Task brief: Copy the data exactly. Images are to be left out.

Dataset content:

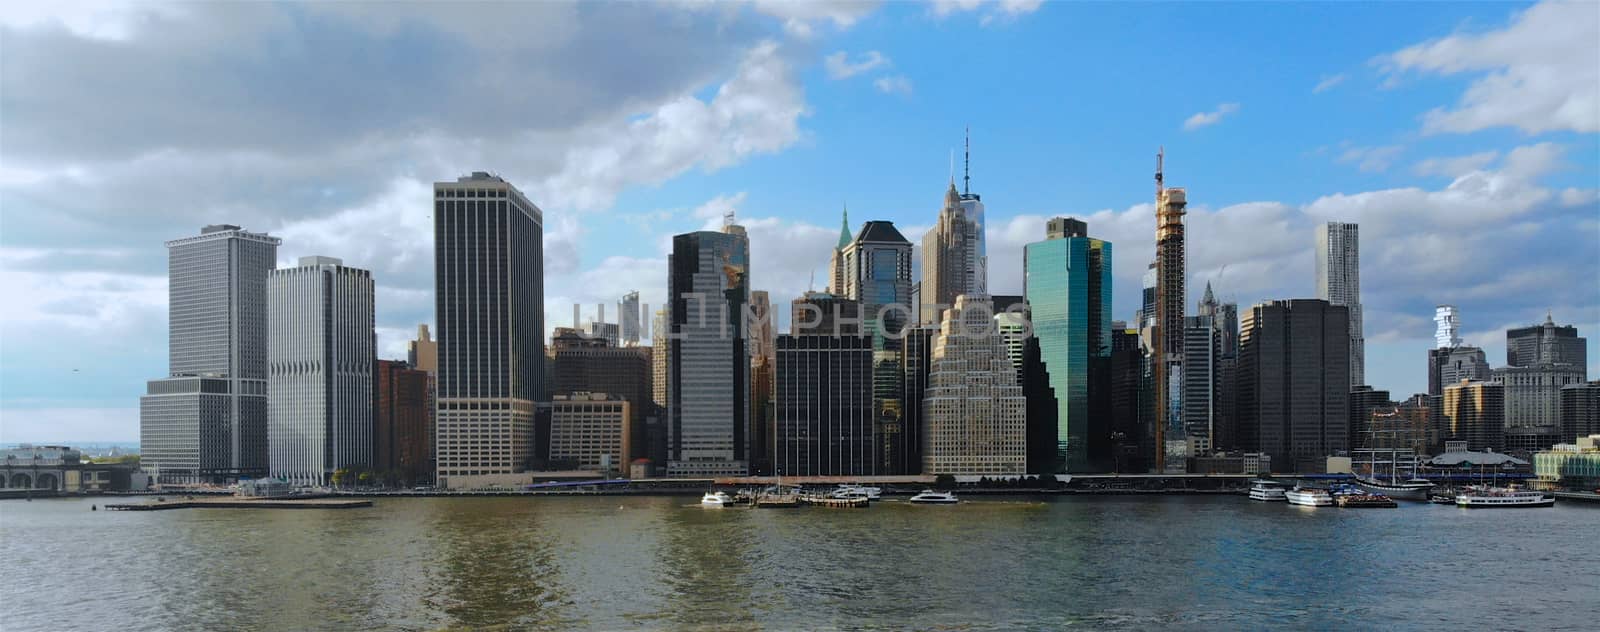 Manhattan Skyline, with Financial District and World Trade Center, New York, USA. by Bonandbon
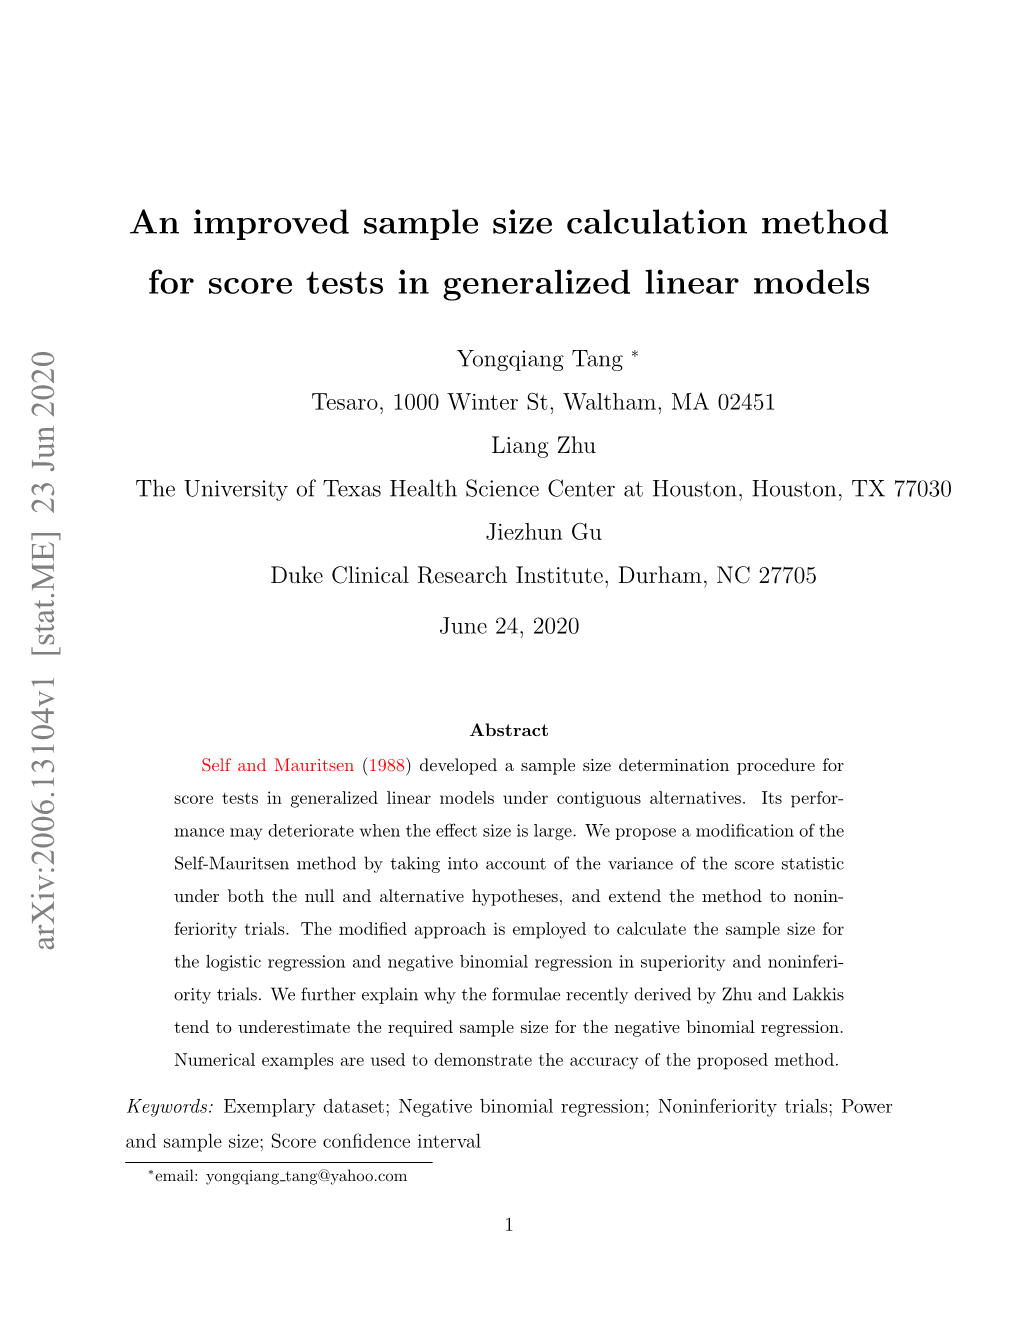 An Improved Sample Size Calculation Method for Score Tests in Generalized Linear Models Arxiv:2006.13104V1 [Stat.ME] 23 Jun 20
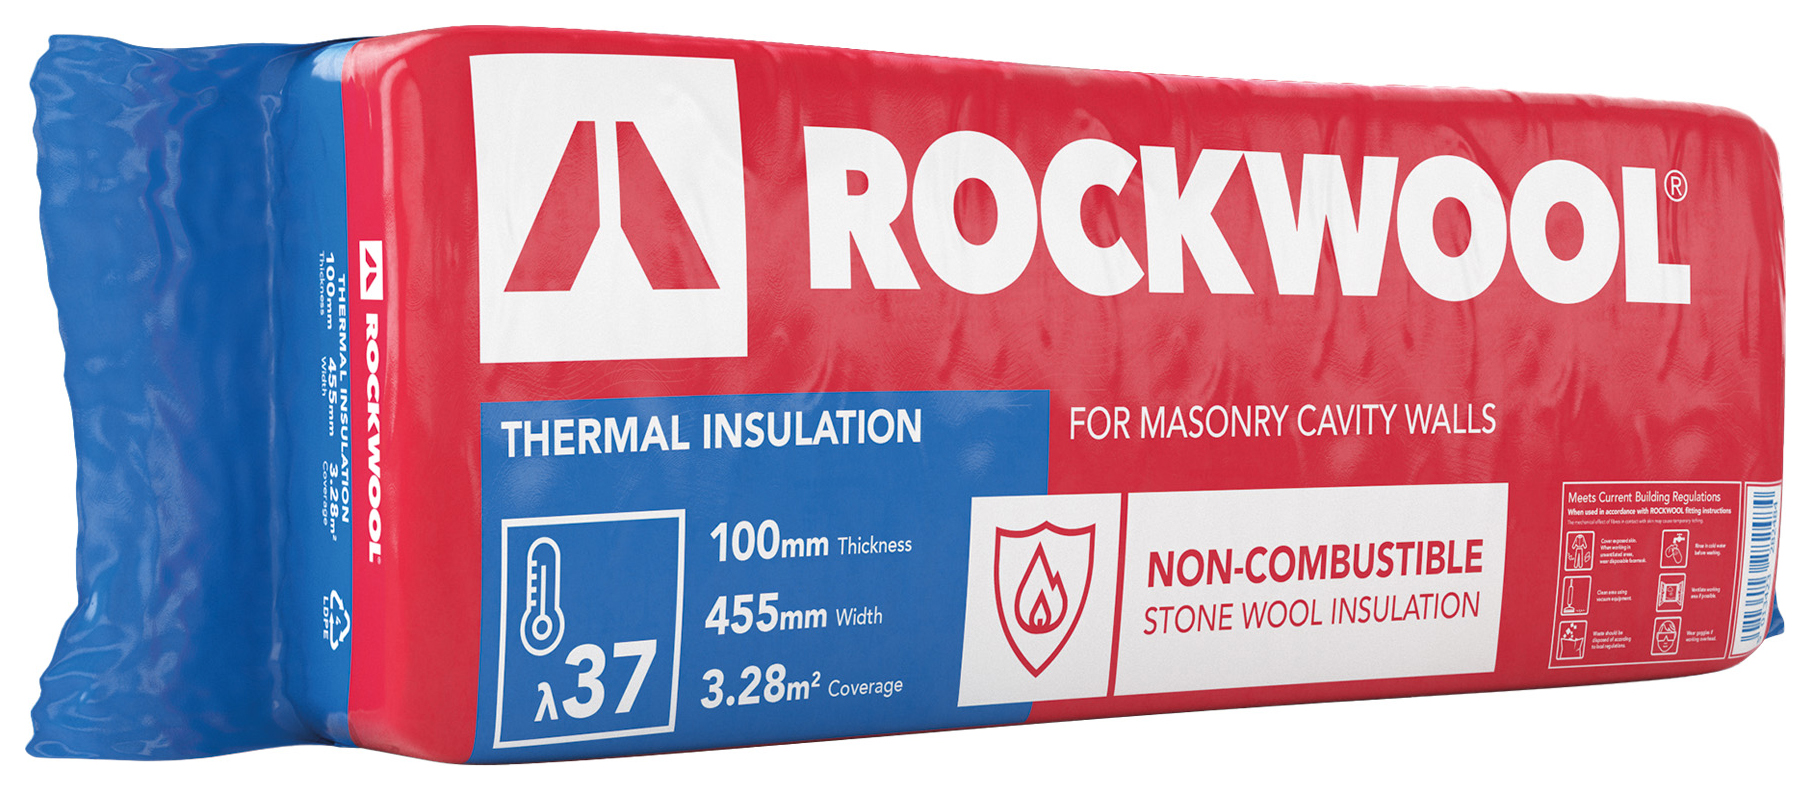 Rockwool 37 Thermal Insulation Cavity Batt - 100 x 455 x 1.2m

Finished task:
 Manhattan Skyline, with Financial District and World Trade Center, New York, USA. by Bonandbon
 An Improved Sample Size Calculation Method for Score Tests in Generalized Linear Models Arxiv:2006.13104V1 [Stat.ME] 23 Jun 20
 Rockwool 37 Thermal Insulation Cavity Batt - 100 x 455 x 1.2m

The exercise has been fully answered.